Distributing Transactional Load

When considering transactional load alone, the most common techniques of load balancing involve dividing the HTTP requests across multiple Web servers. Thus, each Web server will only serve a fraction of the total requests, and the overall capacity of your application is multiplied (ignoring load balancing overhead) by the number of Web server nodes in your environment. I will discuss two very different methods of achieving transactional load balancing—DNS round robin and hardware load balancers.

Load Balancing with DNS

Sometimes referred to as the poor man’s load balancing solution, DNS round robin can be an effective means of distributing transactional load. In Chapter 2, “The Internet and the World Wide Web,” the fundamentals of DNS were explained. Typically, a Web client will perform a DNS lookup for a domain name (such as httphandbook.org) in order to obtain the IP address to which it will send its HTTP request. This series of events is illustrated in Figure 16.1.

With DNS round robin, the load balancing actually takes place during the DNS lookup. Multiple IP addresses will be associated with a single domain name so that DNS lookups will return different IP addresses for different requests. Figure 16.2 illustrates this situation. Although 10.1.1.2 is returned for the DNS lookup illustrated, the next lookup will return 10.1.1.1, thus the next request will be serviced by the 10.1.1.1 Web server.

Although DNS round robin has the advantages of being inexpensive and simplistic, it provides no method of failover and lacks server affinity.

Failover refers to the capability to handle a server failure. For example, if the 10.1.1.1 Web server in Figure 16.2 were to fail, there is nothing to keep a client from attempting to access this server directly, likely receiving an error message. Even if the 10.1.1.1 Web server were removed from the name server’s host lookup table, the common use of caching name servers on the Internet would require a few days for this change to propagate. Hopefully your Web server will be fixed by then!

Server affinity is a common phrase that refers to the capability to direct a request to the most appropriate server. The most common use of this is to maintain the same server for a particular client. This is also commonly referred to as sticky sessions, and there are generally strong and weak versions of this behavior. Methods of strong server affinity can almost guarantee that the same server is used for a particular client, and an error is returned otherwise. This generally requires an inspection of the HTTP request for a unique identifier much like the method used to maintain state. Methods of weak server affinity are more efficient and generally do not involve an inspection of the HTTP message but rather the TCP/IP packet. For example, a common method of weak server affinity is to use the client’s IP address as a way to identify the client. That is certainly weak!

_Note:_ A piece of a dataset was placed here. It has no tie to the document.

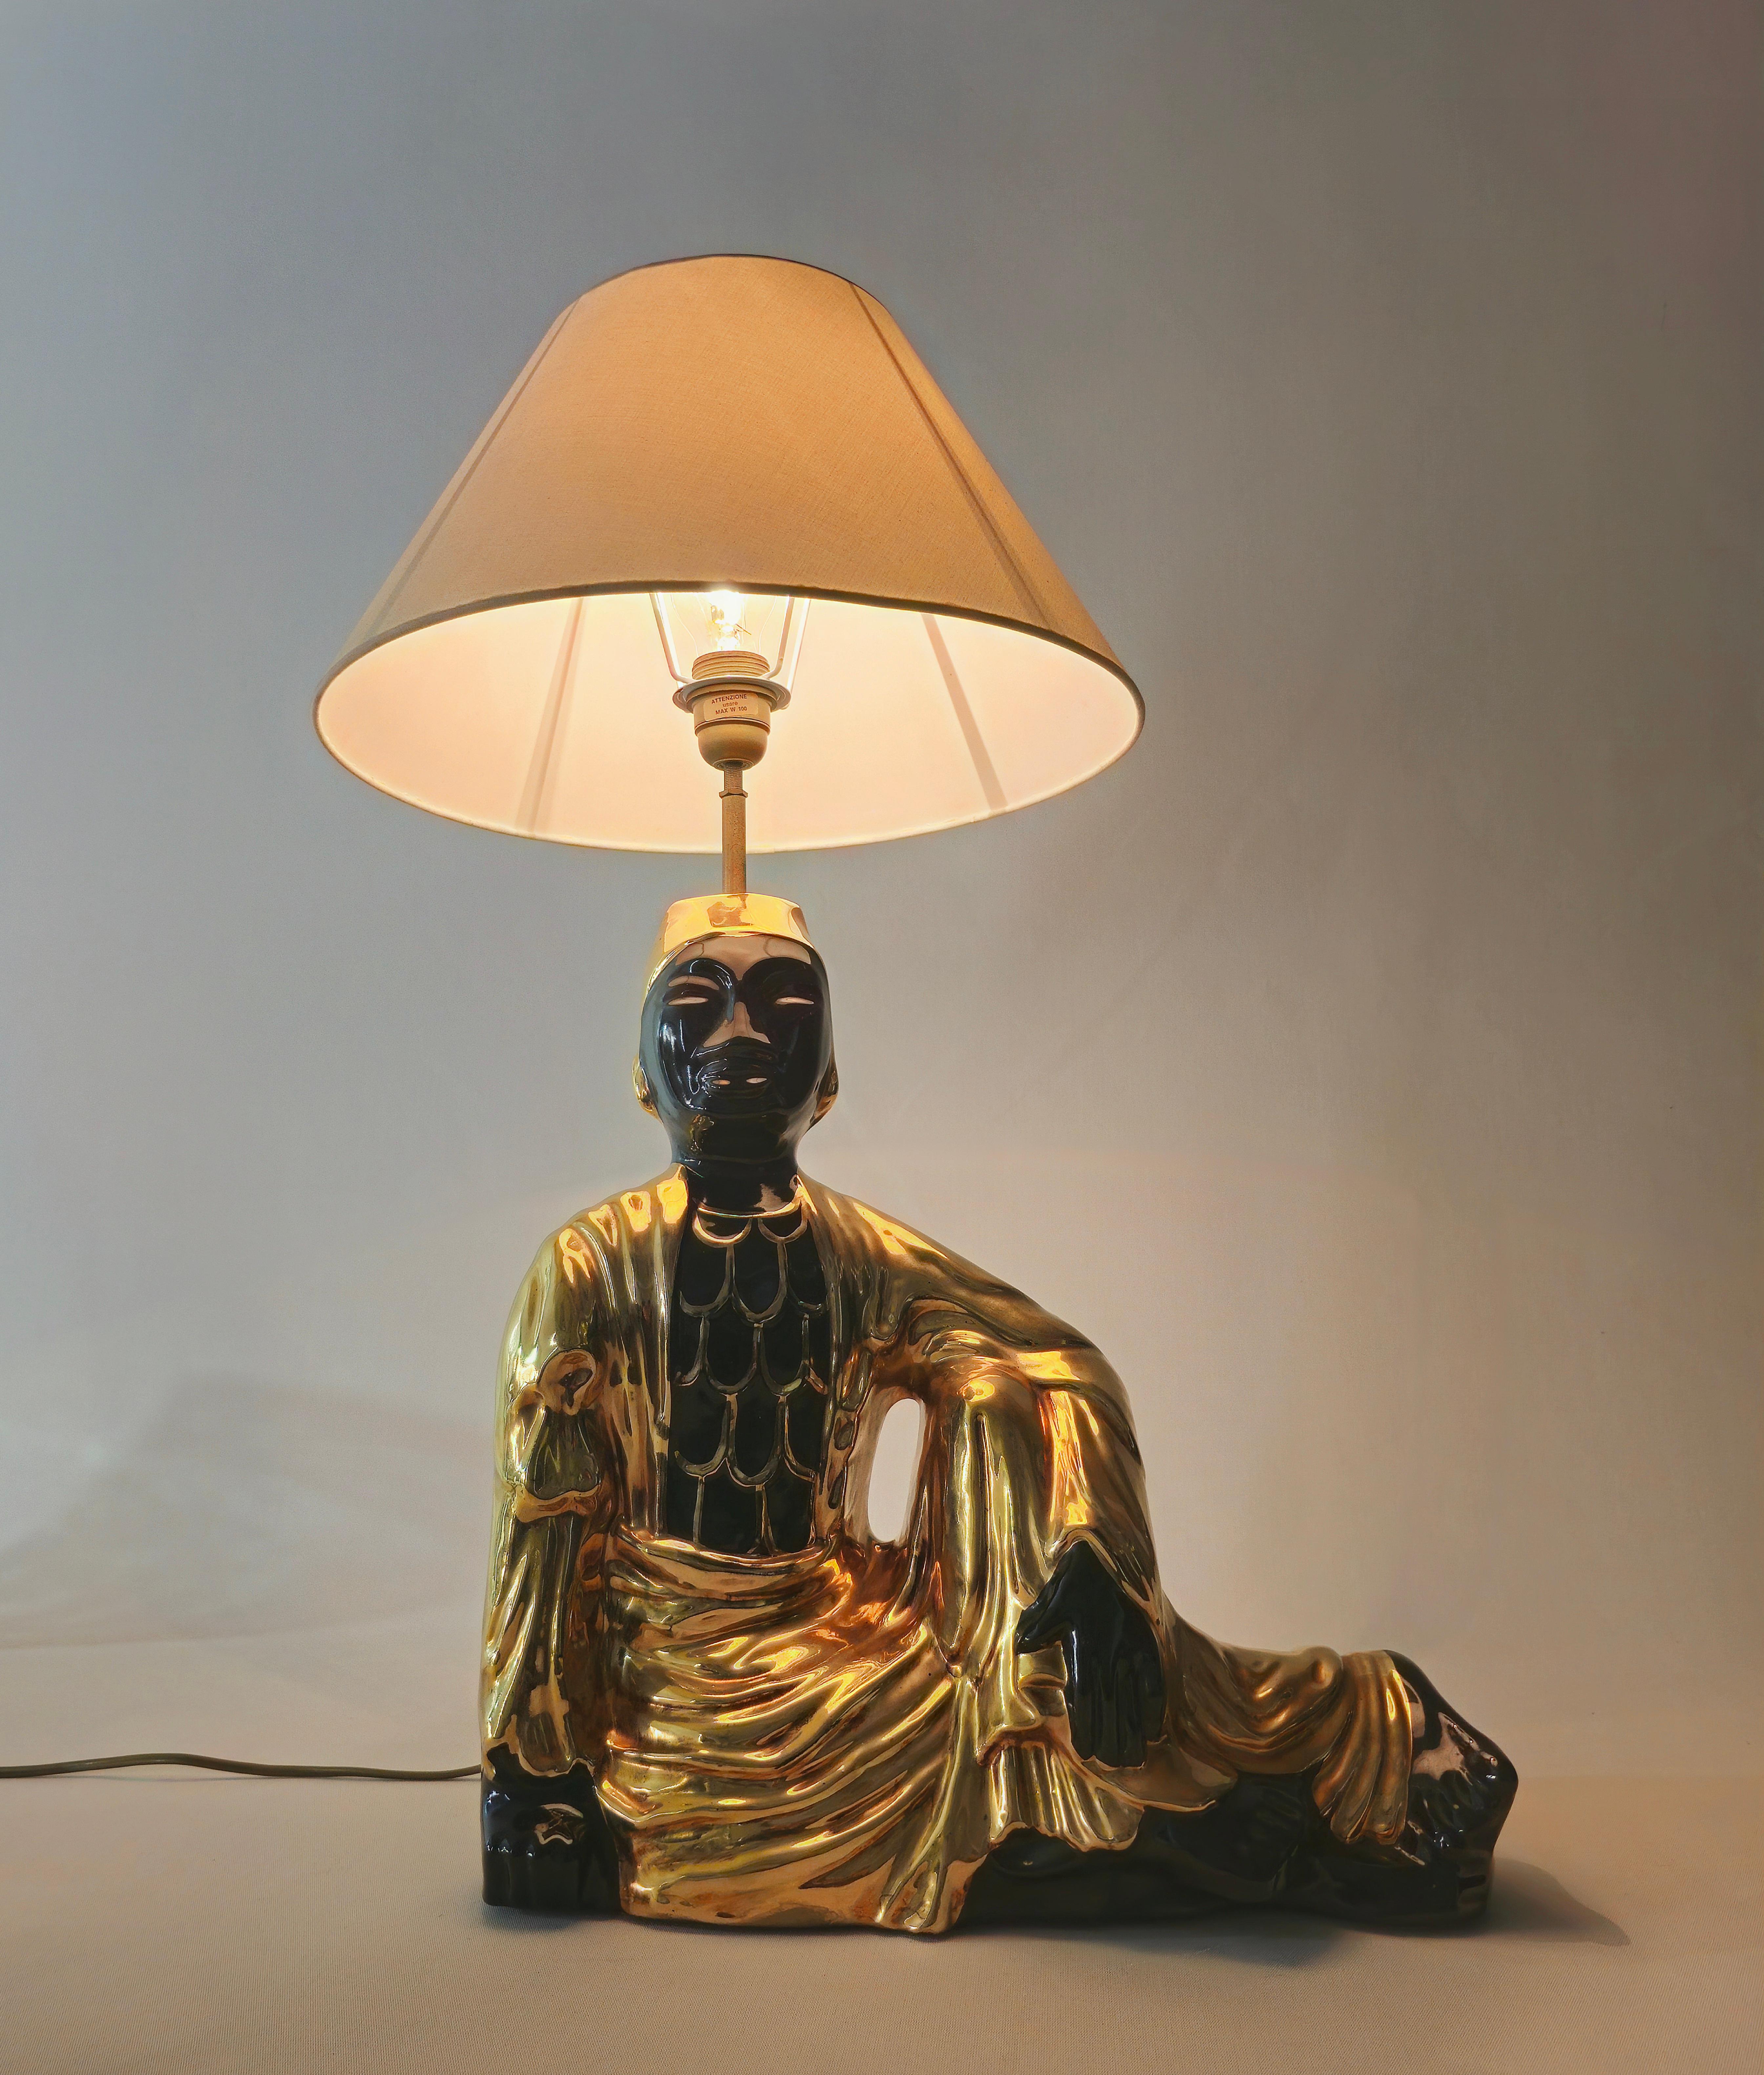 Ceramic Buddha Large Table Lamp Italy 1970s Midcentury For Sale 7

The lack of server affinity is rarely a concern for a well-designed Web application. Because any type of server affinity (even weak) requires additional overhead, it will adversely affect performance. Instead, an application should be designed so that no particular server is expected to serve a client’s request. If client data is maintained in a shared data store, such as in a database, the most common need for server affinity is removed.

Load Balancing with Hardware

A popular alternative to DNS round robin is a hardware load balancing appliance. This type of load balancing involves a load balancer that communicates directly with the Web client and each Web server, thus providing a gateway for the communication. In this case, the IP address associated with the domain name will be the virtual IP address (the load balancer’s IP) for the entire environment. HTTP requests sent to this IP address will be received by the load balancer and forwarded to an available Web server as appropriate. See Figure 16.3 for an example of a Web server configuration utilizing a load balancer.

There are many types of load balancers. The major difference between the various types is the method used to determine the most appropriate Web server to receive a request. Some load balancers monitor the load on each server in order to determine the server under the least amount of load. Some simply distribute requests based on HTTP messages alone, ignoring potential differences in the effort required to generate responses.

One common characteristic found in many load balancers is the capability to detect failover. Although the methods used to determine server failure vary, this characteristic allows the load balancer to immediately remove a failed server from its pool so that no requests get forwarded to that server.

Another advantage to load balancers is the security afforded by “hiding” the Web servers from the Internet. By only allowing access to Web servers through the load balancer, all incoming traffic can be subject to the same firewalling rules, and the Web servers themselves cannot be accessed directly.

Because all incoming HTTP requests are received first by the load balancer, server affinity is possible. As mentioned in the previous section, the methods of achieving server affinity vary depending on how much effort is given to ensuring the same server responds to a particular client. Because a well-designed application rarely requires server affinity, this advantage should be of little concern.